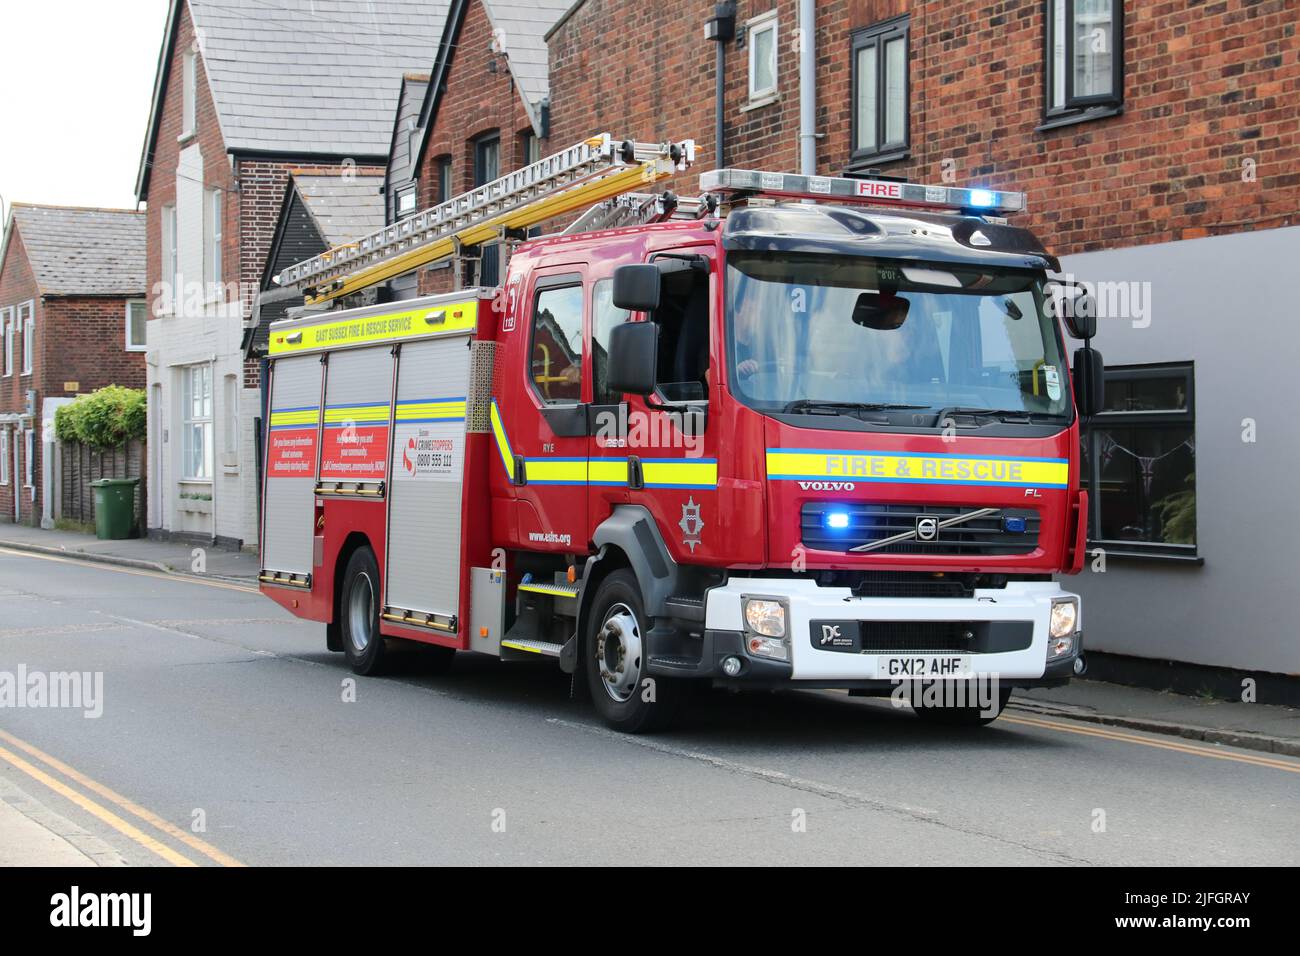 A VOLVO FIRE TRUCK OF EAST SUSSEX FIRE & RESCUE SERVICE ON AN EMERGENCY 999 CALL IN RYE WITH BLUE LIGHTS FLASHING Stock Photo
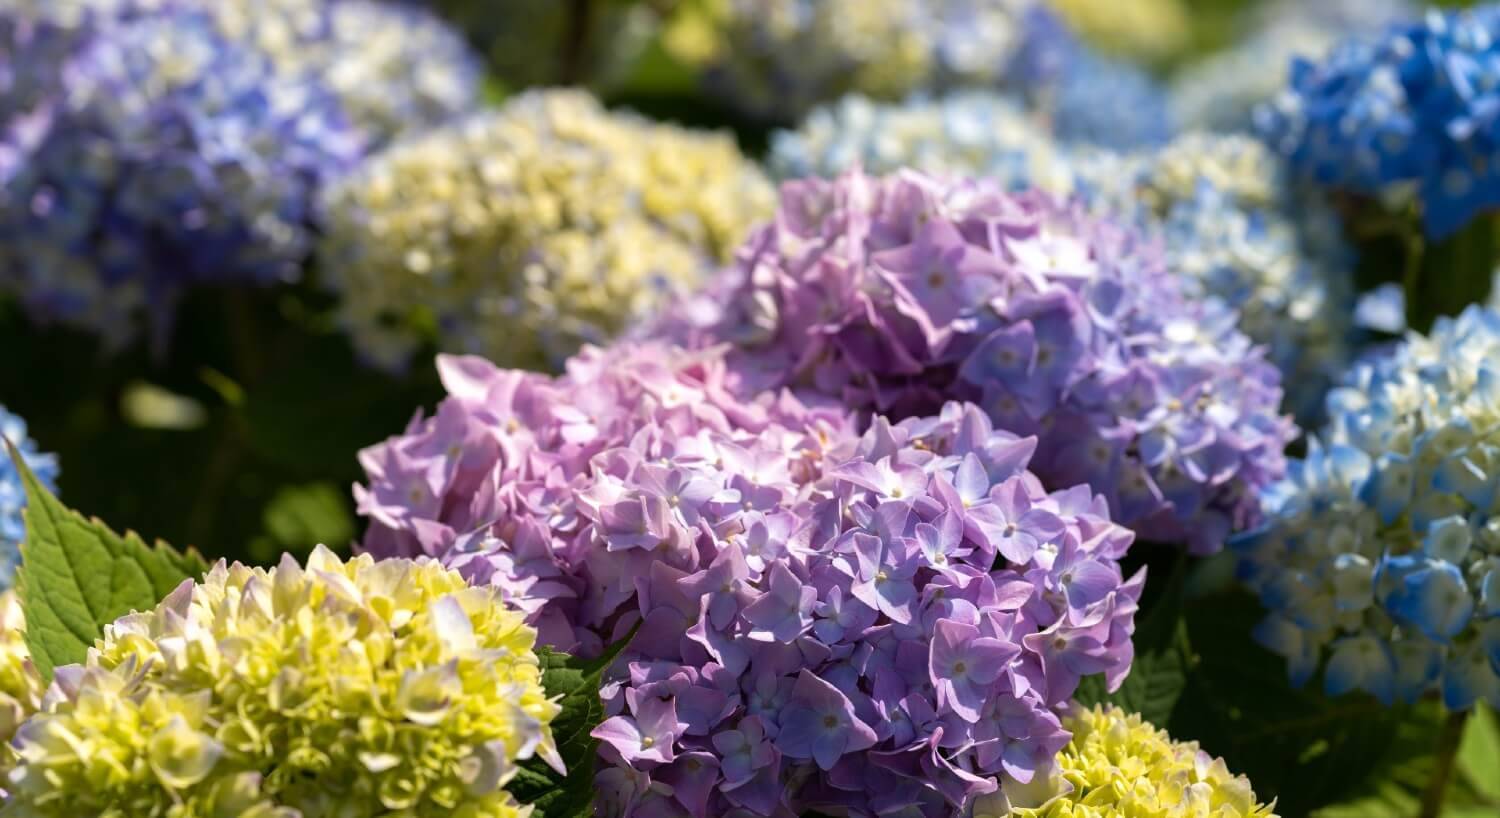 A group of green, blue and purple hydrangeas in sunlight
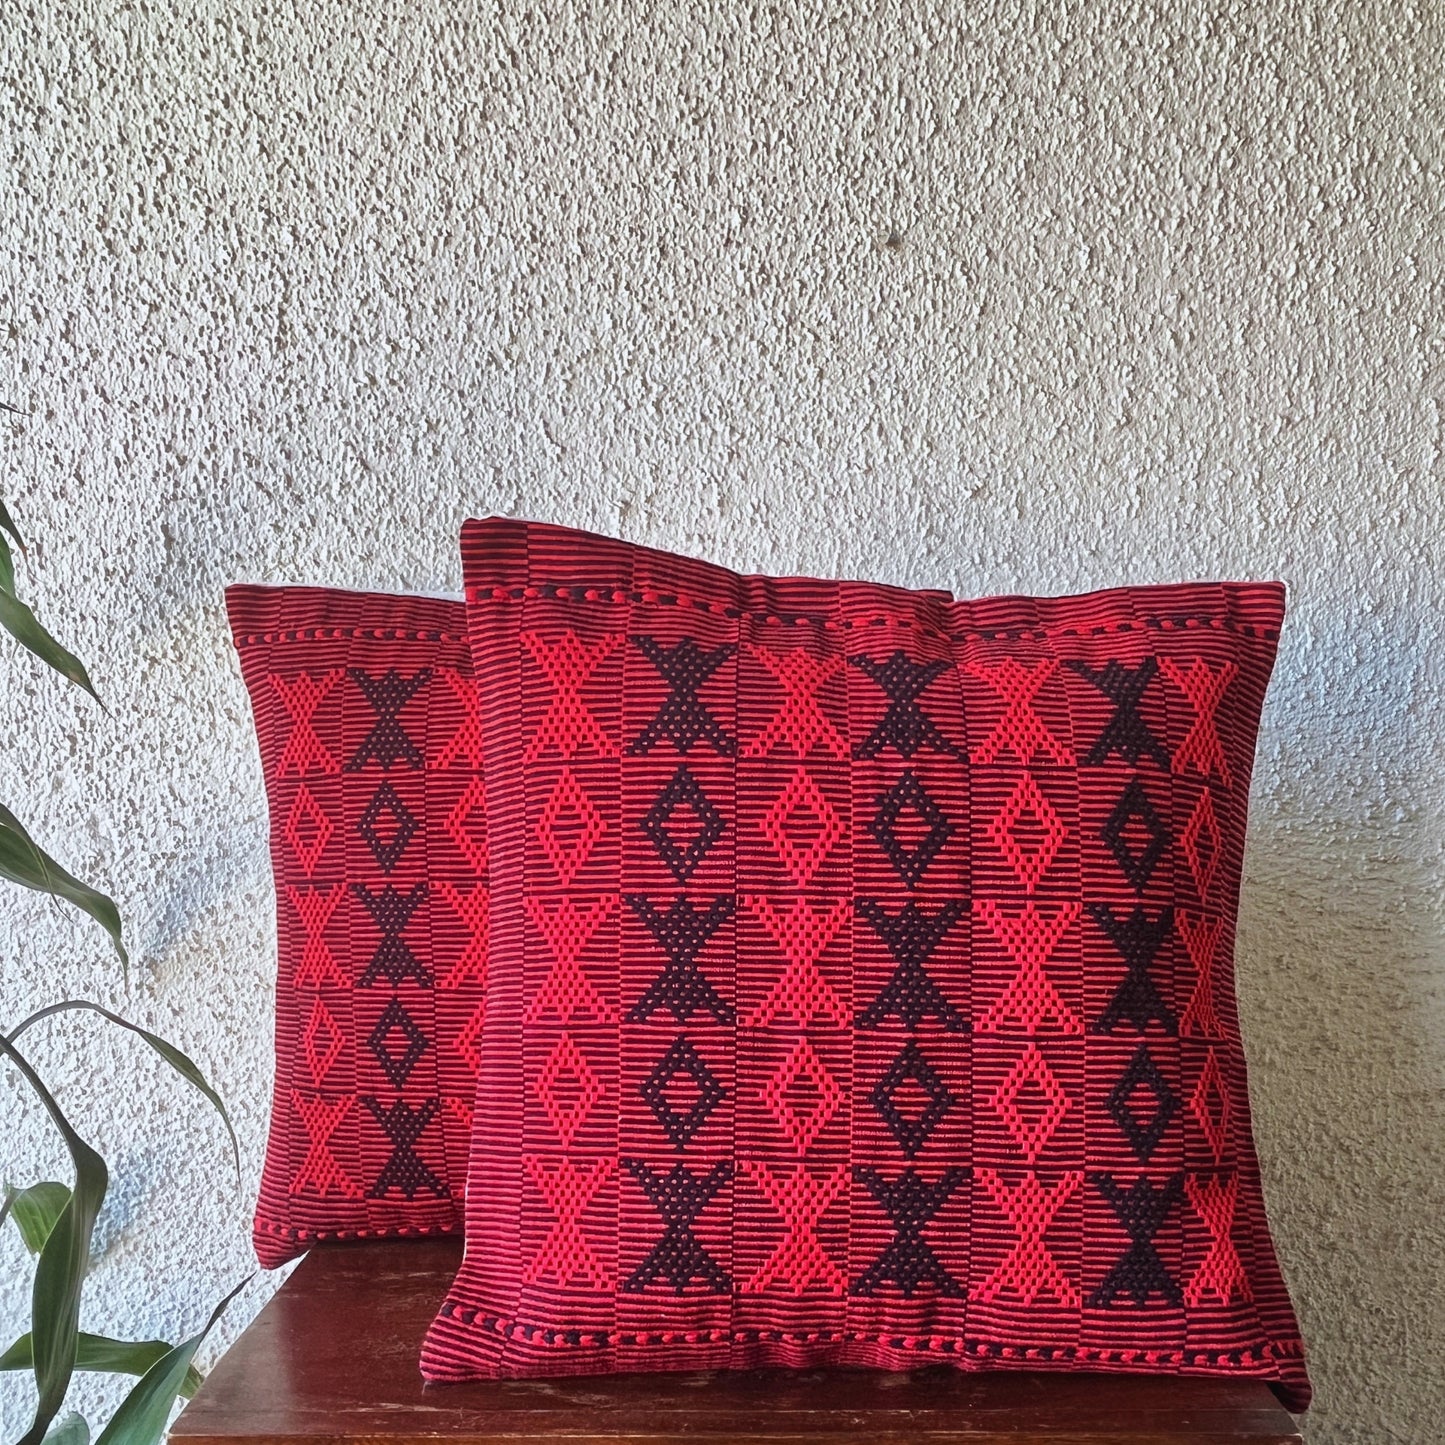 Chizami Weaves - Loin Loom Handwoven Cushion Cover Set in Red (Set of 4)

## [What to do]
Each line from the one with "A group of green, blue" to the last line of the listing should be returned exactly, both ends included, and no picture with them.

## [Answer to the exercise]
 A group of green, blue and purple hydrangeas in sunlight
 Chizami Weaves - Loin Loom Handwoven Cushion Cover Set in Red (Set of 4)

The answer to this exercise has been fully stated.